To improve cross-functional collaboration, a team would be set up so they can coordinate across departments and assist in knowledge and resources sharing. This team would include all the employees mostly analysts and one manager would be impacted by the downsizing process. The managerial position of the controller would be dissolved and placed in the cross-functional team where she would lead all of the analysts from the other departments. This would be helpful for Agnes' team when necessary to open new accounts because they are aware of all the departments as the financial recordkeeping and controller of the company. Mechanisms of coordination are so important that they can cause a grid impairment if not implemented. The flatter structure would also entail decentralization of planning and decision-making.

Rewards:

Employees who would be affected by the downsizing would be reassigned to a new team, and bonuses would be given to any division leaders who work outside of their own with the other divisions.
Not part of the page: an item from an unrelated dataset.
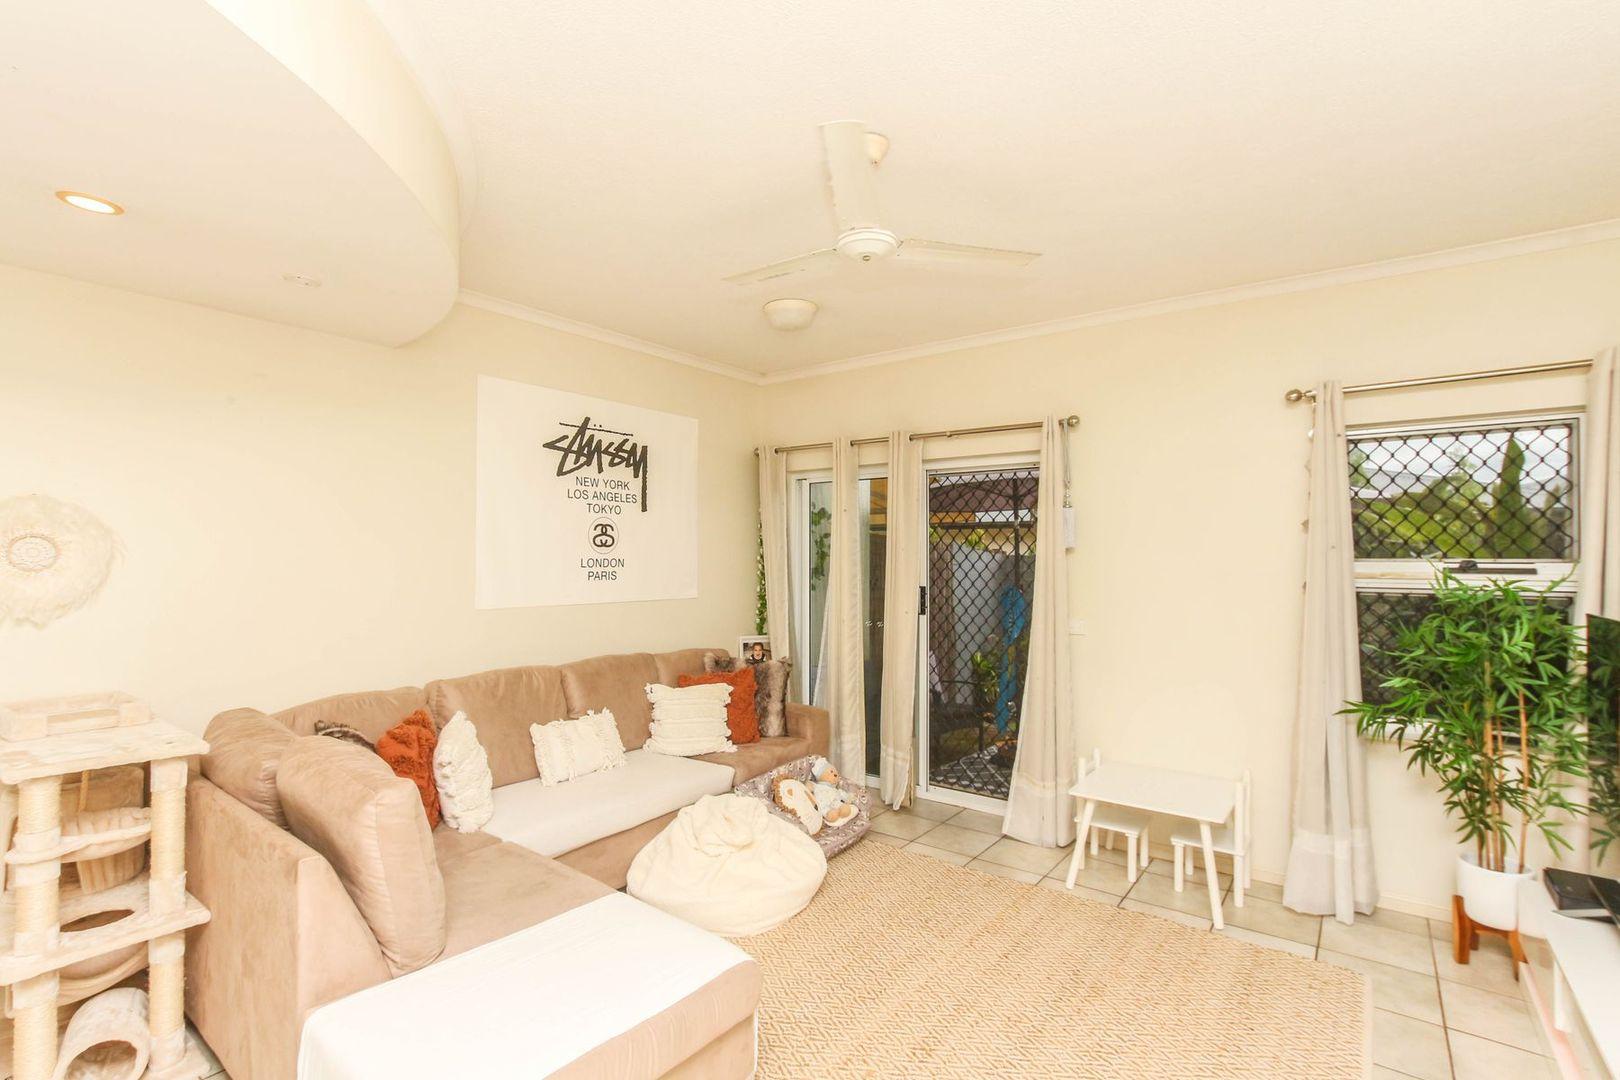 14/7A Grantala Street, Manoora QLD 4870, Image 1

This would encourage cooperation across departments and allow more staff to exchange knowledge that could be useful to the majority of departments, not just those in the cross-functional team. Lack of these supplementary incentives may lead to internal competition.

People:

For the effective implementation of the new system, the human resource department will need to recognize and categorize the workers taking up new roles with the requisite qualifications, and whether additional training is needed. Failure to inspire the people employed in the company would result in poor performance of workers which would be bad financially for the company. They will be fired and hired by others if those workers find out they had obsolete skills.